The first offering of any serialized horror anthology has the responsibility of setting the tone and the identity of the project. Issue #1 is where they bare their souls. Some of the best anthologies in this category achieve that, evoking a unique aesthetic, feel, and brand of horror just by mention of their names alone. Creepy, House of Secrets, Tales from the Crypt, Flinch, the list goes on. James Tynion IV has decided to throw his hat into the ring for a spot among these great anthologies in the form of Razorblades, and if its first issue is any indication, it is destined to share a spot among them.
Razorblades is a quarterly magazine that, in the words of Tynion himself from his “Sharp Thoughts” essay, aims at being “a horror anthology that isn’t fucking nostalgic towards anything.” This is immediately apparent from the story that opens the anthology, titled “The Washing Machine,” in which a man finds himself stuck between murder and a washing machine. The story’s created by Tynion and Andy Belanger and it wastes no time pushing readers into new dark places.
The magazine features an interview with Scott Snyder on writing horror and a short story from Danny Lore with an illustration by Aaron Campbell called “Mid-Season Slump,” a particularly sharp tale that locks its sights on celebrity and the decisions we make in the name of it. Single-page illustrations from Brian Level and Francine B/Witnesstheabsurd help keep things in a state of disquiet with imagery that rewards close inspection. But Razorblades makes it clear which storytelling medium it wants to be led by: comics.
The short comic stories that make the brunt of Razorblades #1 seem to be hellbent on tackling the ugliness behind current social problems and misconceptions. They offer biting commentary and have no time for nostalgia. This is horror for today.

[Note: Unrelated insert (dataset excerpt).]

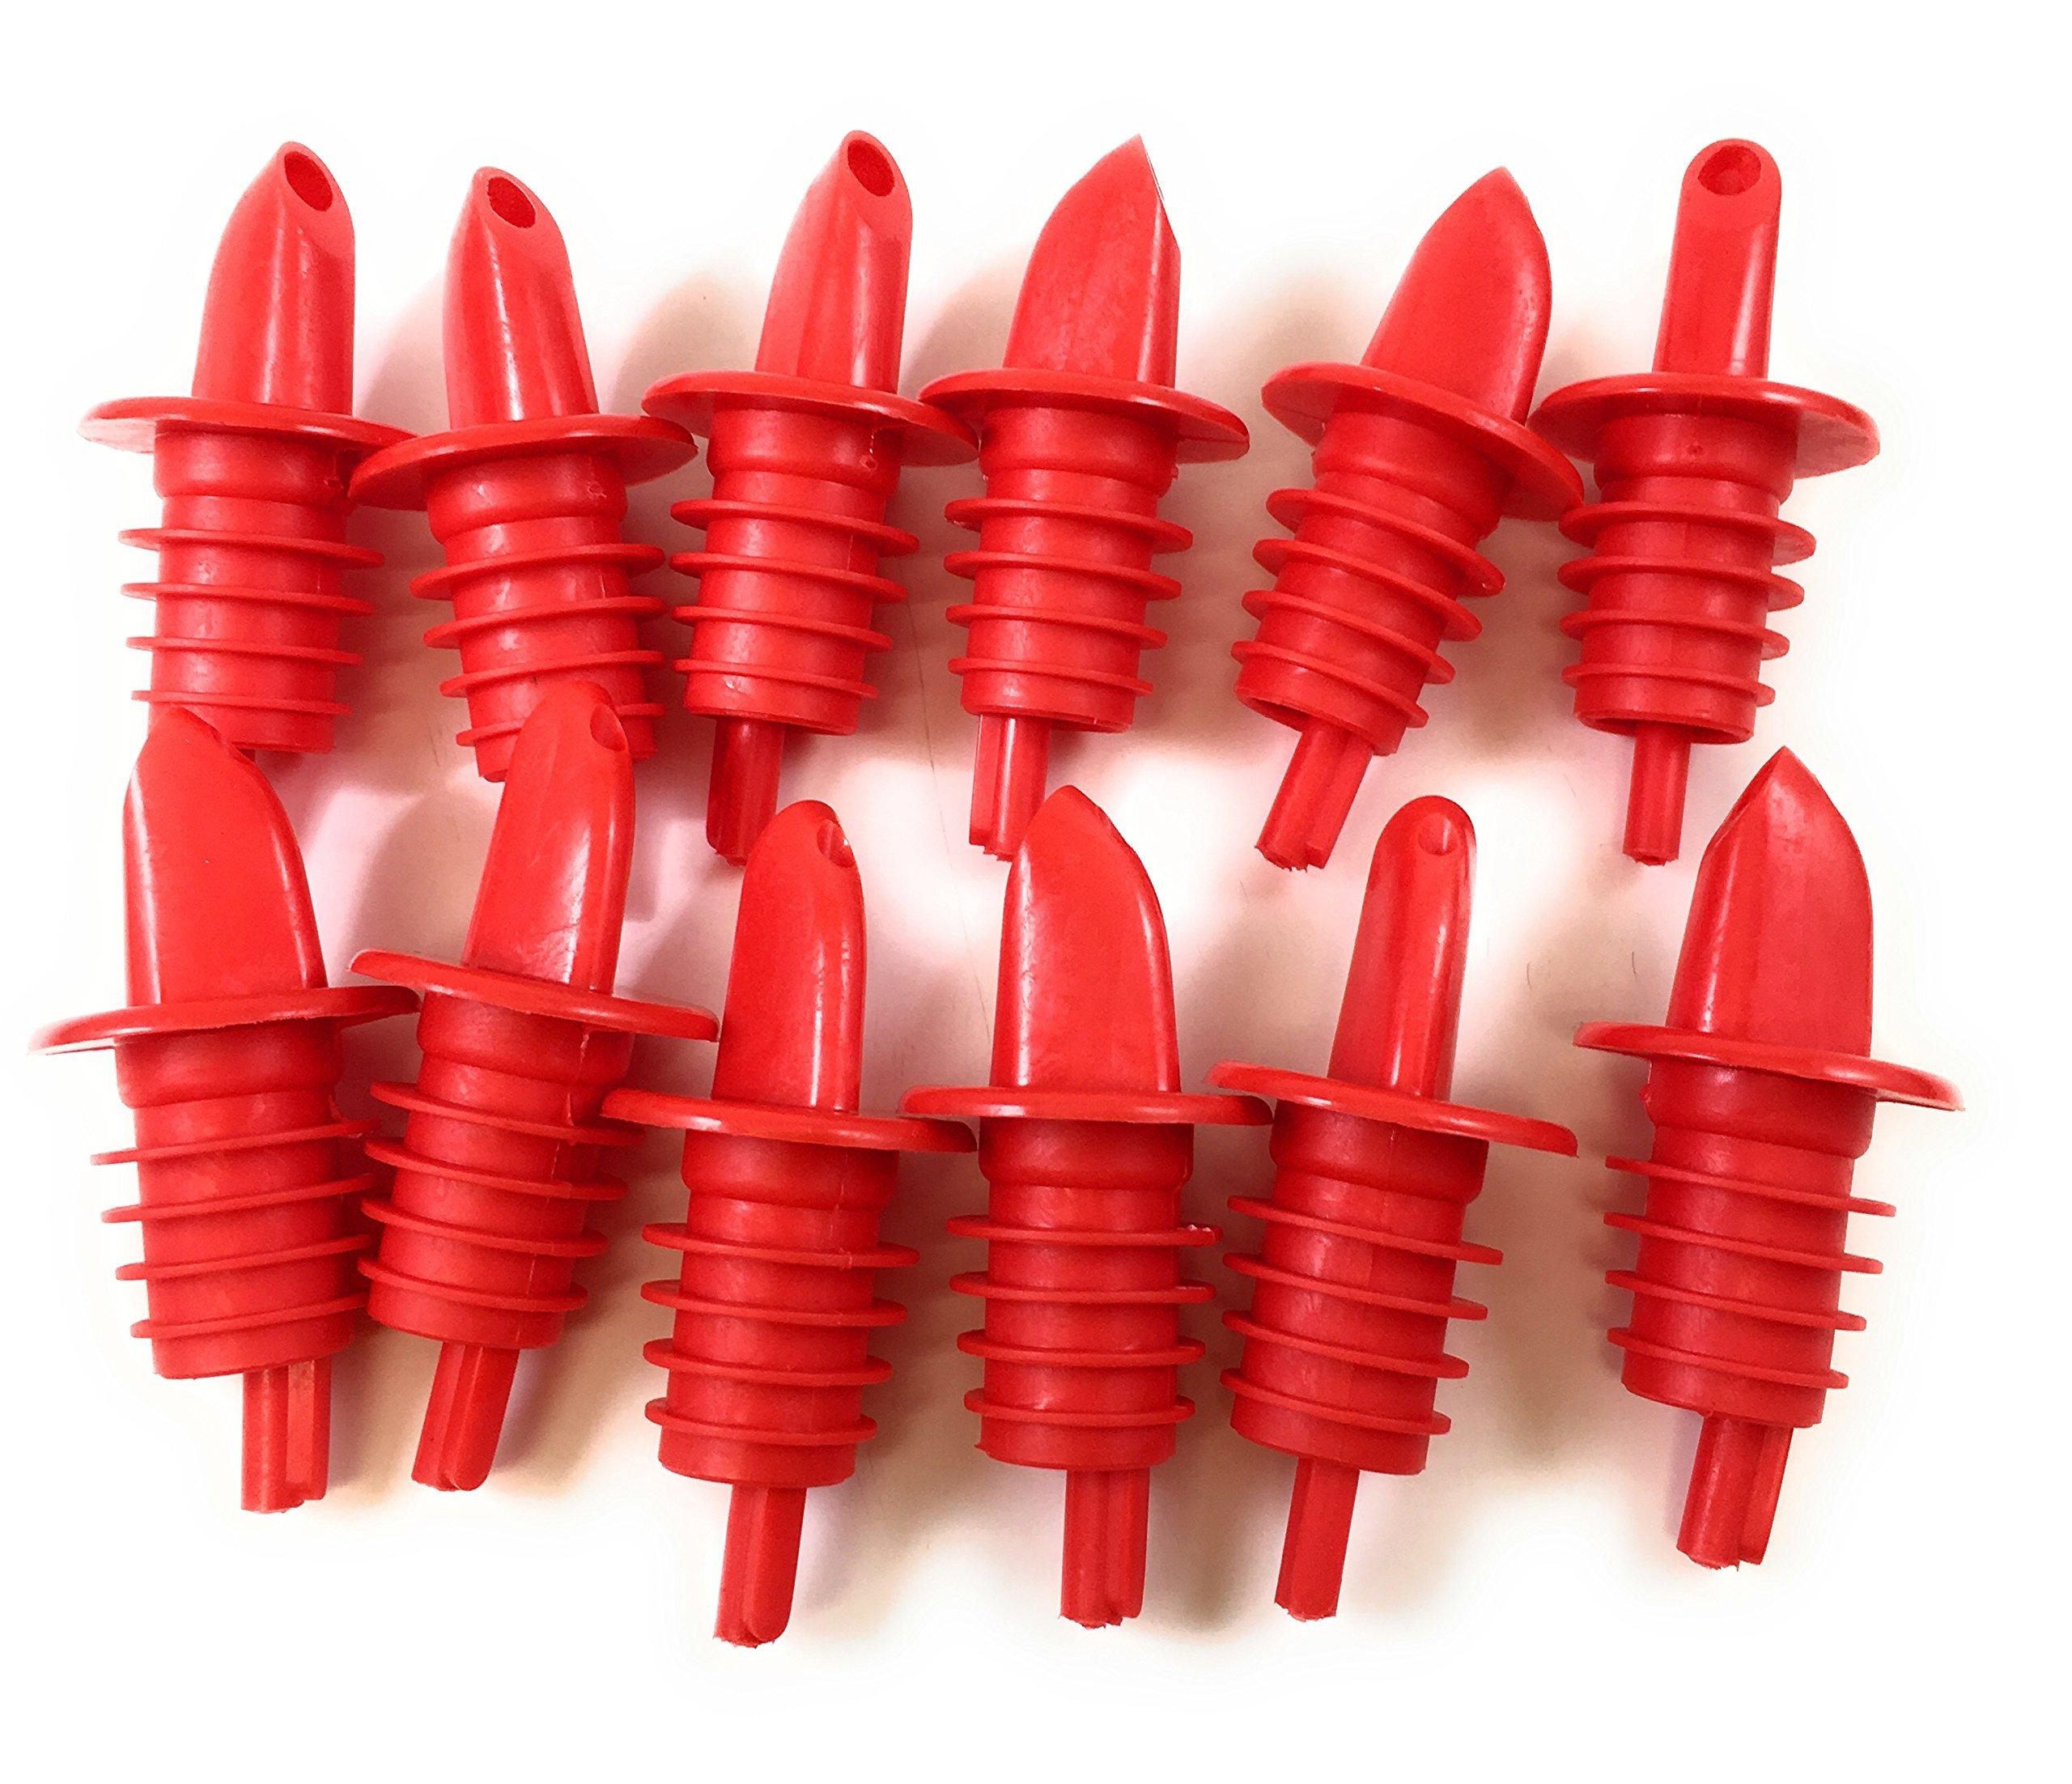 Barwareaffair Free-Flow Plastic Liquor Bottle Speed Pourers (Red) by Barwareaffair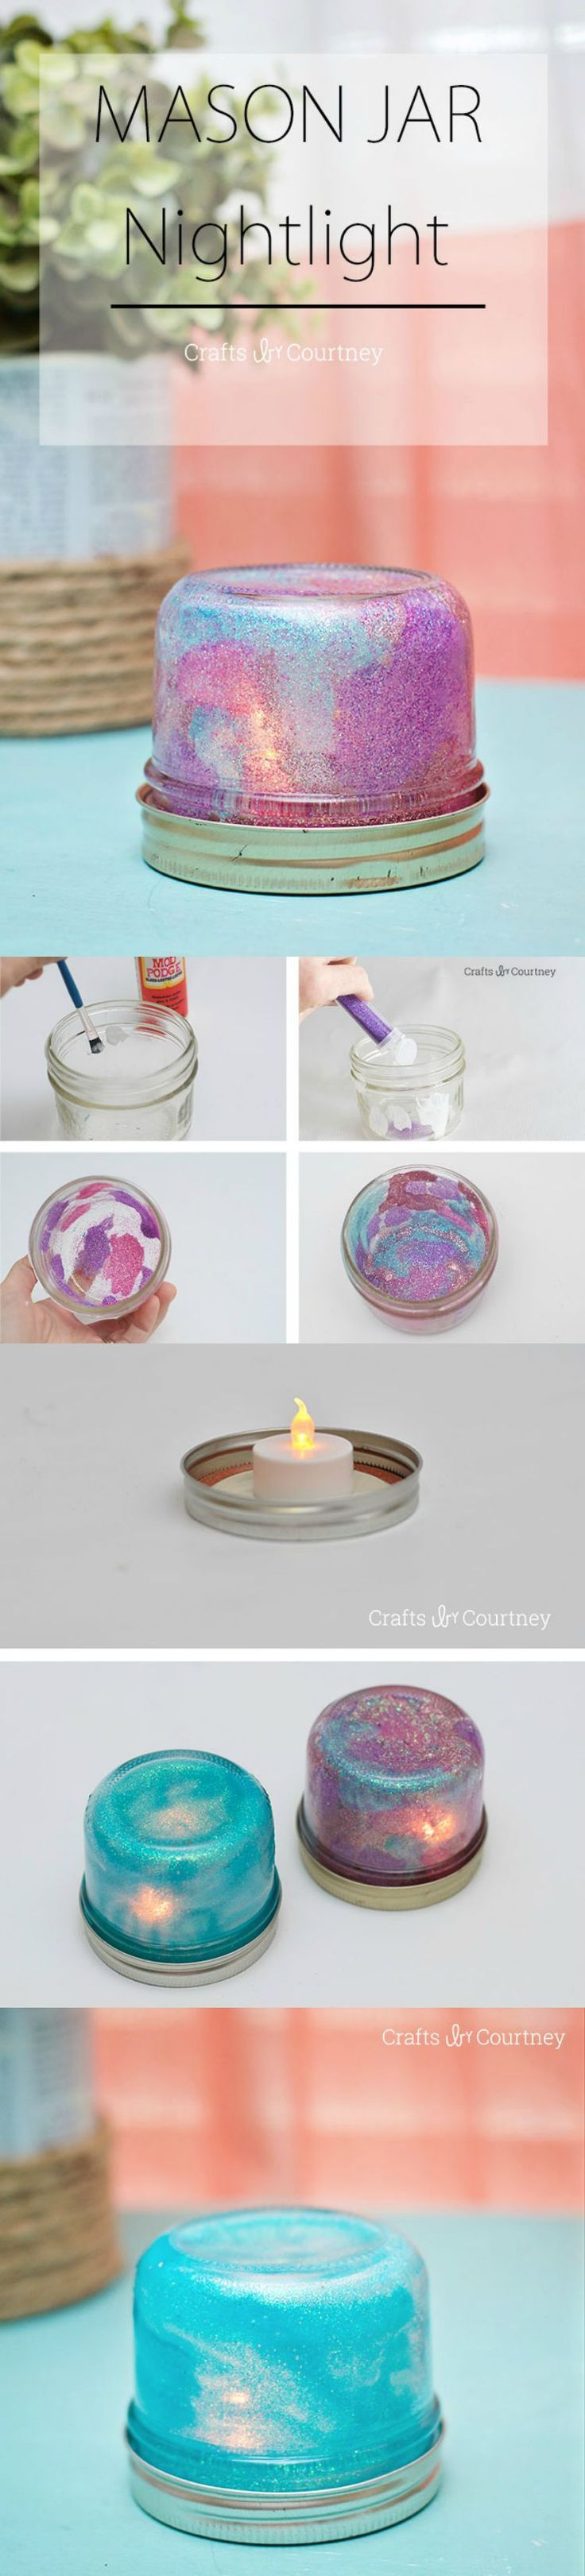 Mini light sets for crafts - Diy Mason Jar Night Light Craft

Marguerite Bennett and Werther Dell’Edera’s “Local Heroes” is perhaps one of the hardest hitting stories of the bunch. A child is abducted and a man attempts a rescue only to be confronted with a mob of angry people that intervene without having all their facts straight. It elicits a very strong reaction that makes one want to jump into the story and do something about the situation. I couldn’t help but think about each and every Twitter war I’ve witnessed and how misshapen animosity dominates the interactions.
The other comic stories include experimental drugs that alter reality through body horror and switched gender conventions that explore new kinds of violence. Each one has its own identity and they all help mold Razorblade’s vision of new horror over homage or pastiche.
Tynion saves the best story for last, though: Ram V. and John J. Pearson’s “A Dream of Time.” The myth of the Aztec calendar and the end times is played to great effect here with the intention of looking at how cycles of horror-creation can play out endlessly without guarantee anything will come of them. The art has hints of Dave McKean and David Mack in it, but they combine to create a dense and storied look that effectively illustrates a kind of mythical horror that possesses a wider range of ideas withing each panel. It’s very much a story of our own fascination with endings and how the inner workings behind them seem set up for disappointment.
Razorblades has all the necessary ingredients to be a long-running horror anthology that attracts both established and new names into the horror comics world. By setting nostalgia aside, Tynion has basically offered a challenge to creators that asks them to look from today onwards for new haunts rather than mining the same scares that have already been beaten to a bloody pulp. Keep an eye on this one and don’t confuse the blood on your hands as the result of mere papercuts. Something else within the magazine sliced you open. Something sharp.